Location: Oslo, Norway

Join Date: Oct 2011
Posts: 17
Default

You could try MSR-CA (http://www.genome.umd.edu/SR_CA_MANUAL.htm, the source code is here: ftp://ftp.genome.umd.edu/pub/MSR-CA/) too, if you get it up and running properly. I haven't managed to get it run properly on my complete dataset yet, it seems to have a couple of bottlenecks or weirdly designed code. I ran into memory problems with 1.3.3, and 1.4b have some perl scripts that is really slow (reduce_sr.pl have been running for 3-4 days now).

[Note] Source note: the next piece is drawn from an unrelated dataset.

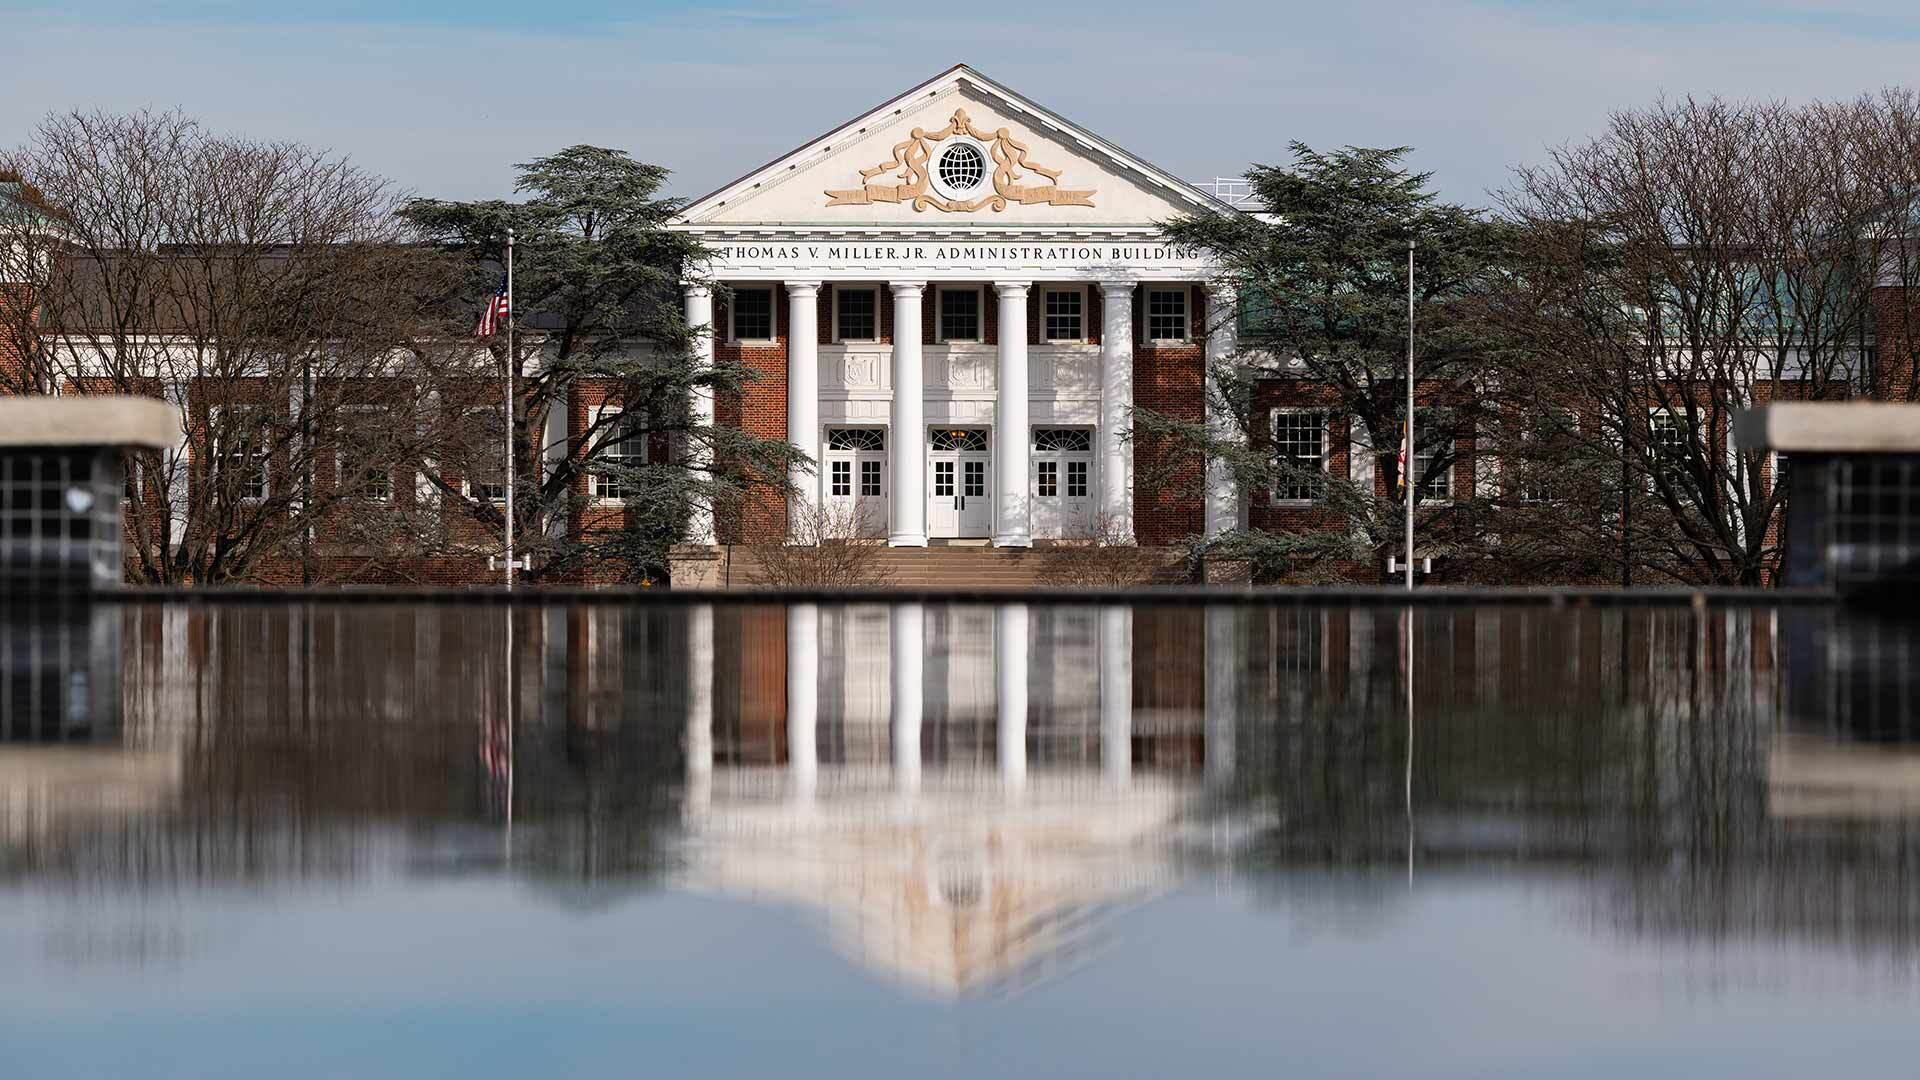 Main admin building reflected in fountain

The premise for MSR-CA is really interesting though, assemble Illumina reads into highly confident unitigs/contigs with a de Bruijn graph, which is then combined with other data (454, Sanger) in CA afterwards.
Ole is offline   Reply With Quote
Old 12-18-2011, 11:09 PM   #4
flxlex
Moderator
 
Location: Oslo, Norway

Join Date: Nov 2008
Posts: 415
Default

The big question is whether there ever will be one tool for all (these) different datatypes. The different assembler out there are tailored to different sequencing platforms for good reasons. Short reads can not be assembled using an OLC-based approach; this was solved by implementing the de Bruijn Graph. Now that these short-read technologies reach 100 bases, and 150 on the MiSeq (and GaIIx, apparently), this might change, though.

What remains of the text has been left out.